Wednesday, February 19, 2014


Have you noticed? The language of recipes is becoming archaic.

My mother taught me to read recipes.

Sugar meant white sugar unless brown was specified.
Flour meant regular white flour unless whole wheat was specified.
“To cream” meant to mix the shortening and the sugar together until well-blended.
Brown sugar was always packed – no exceptions.
Brown sugar meant “light” brown sugar unless dark was specified.
“T” meant tablespoon; “t” meant teaspoon.
Soda was baking soda. No one needed to tell you that.
Cinnamon meant “ground” cinnamon, unless otherwise stated. (The same rule applied for all other common baking spices.)
“Dry ingredients” were the flour, salt, seasonings, soda.
A “prepared pan” meant you “greased and floured” your baking pan.
“Grease” is shortening, like Crisco.
Always pre-heat the oven.

These terms were standard, Mother said, and what one needed to know in order to read a recipe. She also explained that the method of mixing ingredients was standard. If you had your list of ingredients, you could mix them even if you didn’t have directions. I don’t remember that it took a long time for me to learn this language. I was highly motivated to bake cookies.

The point is that you don’t need a lot of words in order to relate a recipe. In fact, I think it’s better if the language is succinct. If you have a question as you cook, a quick glance at the recipe reveals what you need to know. And when you go to copy a recipe, the standardized language makes it’s so much faster. But these days it’s different . . .

Recipes today – and recipes abound! -- are explicit and repetitive. Perhaps it’s a good thing. I’m sure it helps the novice. But sometimes I feel that the message of the recipe is lost in all the words. I just want a recipe “blueprint” and I don’t want to read all these words that I don’t need.

A couple of years ago I found myself laboriously copying recipes I wanted to try from online sites. It was taking me forever, and then reading the recipe as I cooked was a challenge. Then I realized that I actually “speak” the recipe language and all these words were unnecessary. I began to jot down the recipes using the language my mother taught me. After a brief listing of ingredients, I just make notes, such as:
375 – 8x8 prepared pan – 40-45 min.

What could be simpler?

[The top photo was taken at Thanksgiving, 1959.  Mother is in the foreground with my grandfather to the right of her. And yes, you can see me toward the back but leaning forward. The bottom photo was taken in the same time frame -- Mother in the backyard under the hawthorn tree. She loved the beauty of a snowfall.]

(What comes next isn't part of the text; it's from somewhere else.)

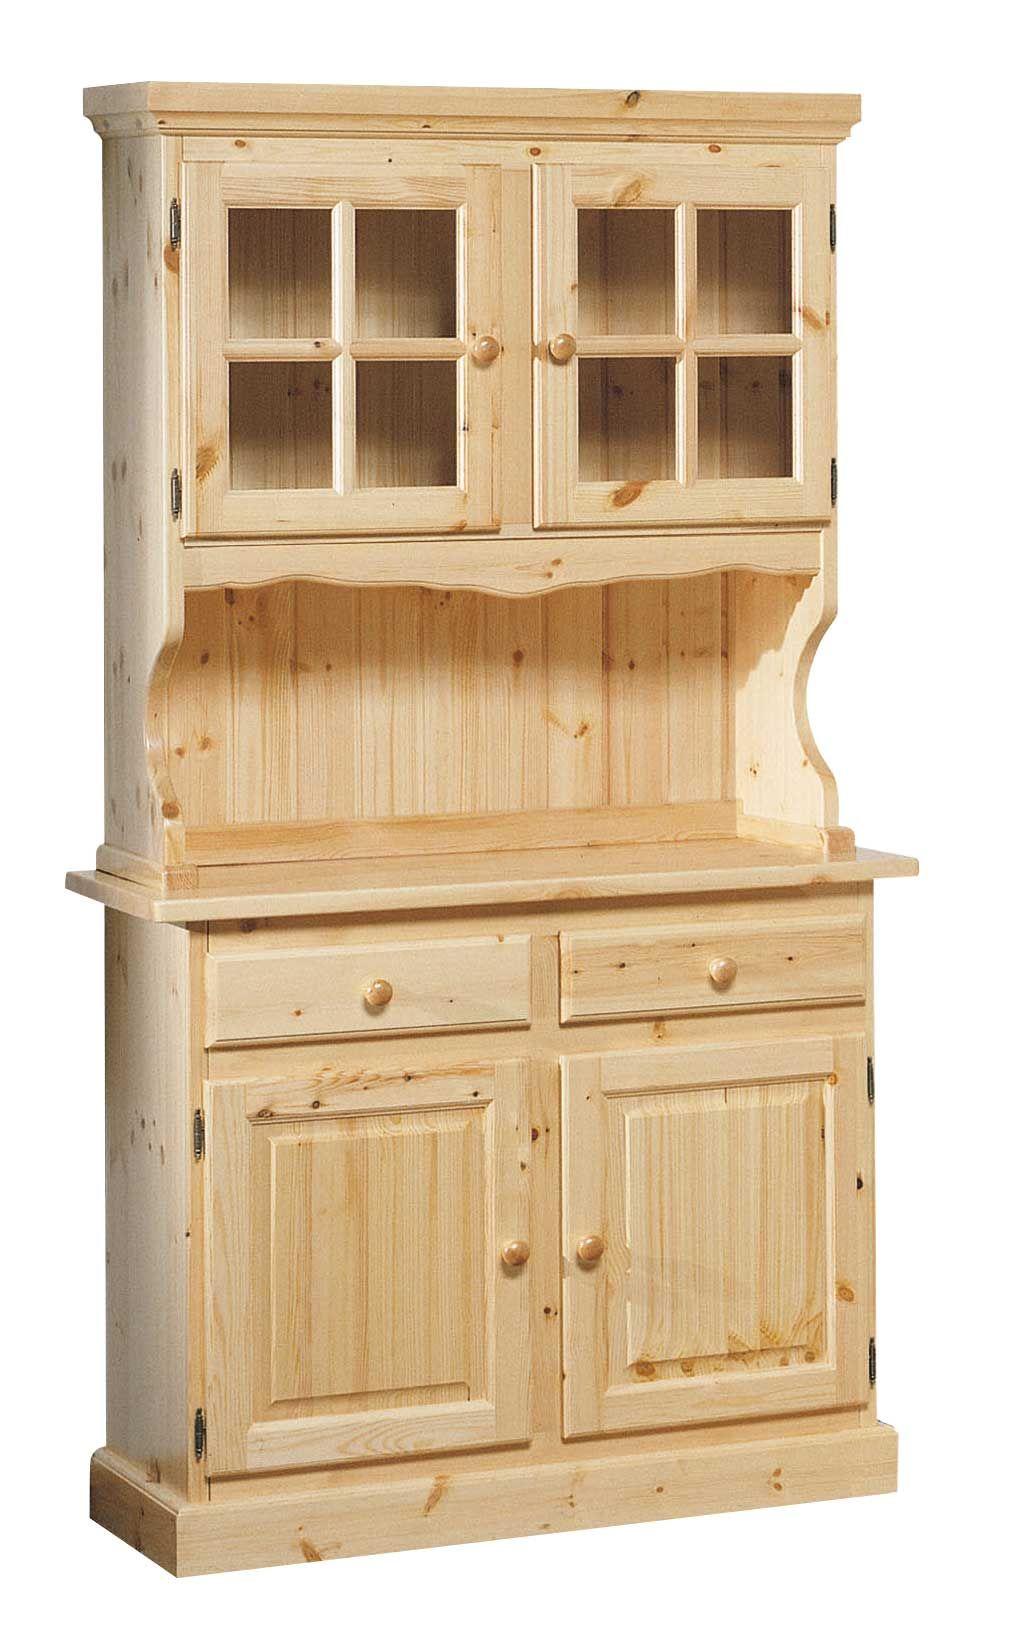 Cristalliera rustica cornice dritta proposta in colore naturale completamente in legno massello - Mobili in pino di svezia ...

drMolly, the BeanQueen said...

Ah Kathy, but you forget that no one teaches the young anymore the "old fashioned" idea of thinking for one's self. Or adaptation or adventure or JUST PLAIN fun in cooking. One must do everything perfectly and EXACTLY like the recipe or the picture or..........

Chris said...

Oh, I love the pictures! I remember them all so well. The one of your mom under the tree is wonderful.

Interesting topic--I tend to shorthand recipes, too, and never thought about others not knowing the methods. But then I guess the people I share with are family or friends my age.

Hallie said...

Who are you sitting next to? Is that Uncle Porky on your left and the Profitt dad on your right? I don't know that guy...

Kathy said...

I believe it's true that the young aren't taught in the way we "oldsters" were. The funny thing is that my mother didn't think she had taught me enough about cooking and yet I can cook anything I want to with what she showed me.

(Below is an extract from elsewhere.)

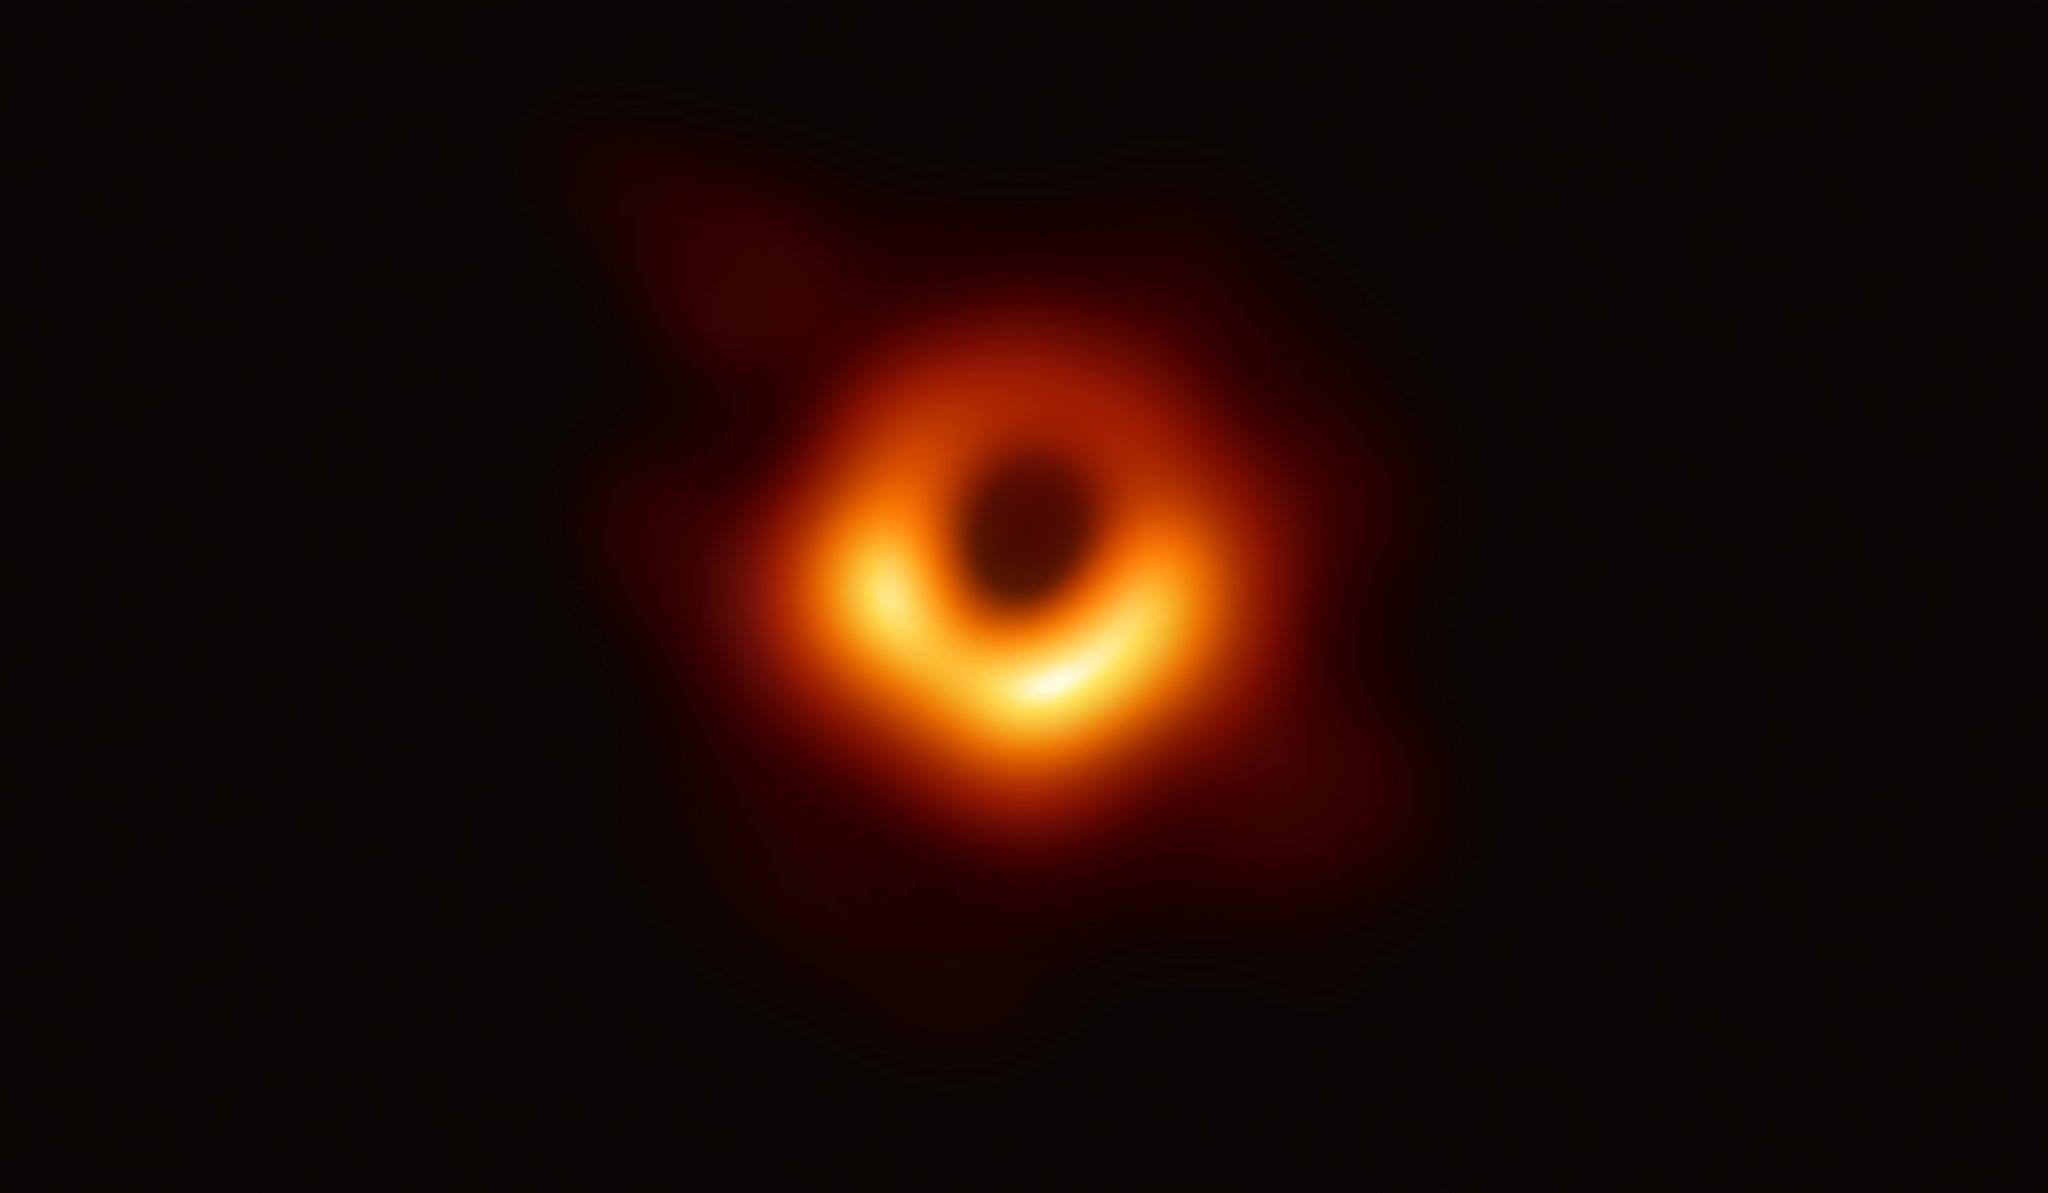 México participó en trabajos para obtener la primera imagen de un agujero negro

Yes, Uncle Porky and Aunt Sara are on my left and the "Profitt dad" on my right. That's Polly next to him and Nina didn't make the picture. Joni wears red on the right side, Pat on her right. Bill is hidden and Harriet is at the top of the picture.

Daddy took the pictures. He had plenty of room to swing the camera a little more to the left and include Nina, but for some reason he didn't. He had an artistic eye but struggled with the equipment.

Oh - and there must have been a table someplace with L.J. and Becky.

Another observation: The women are dressed up, the men quite casual.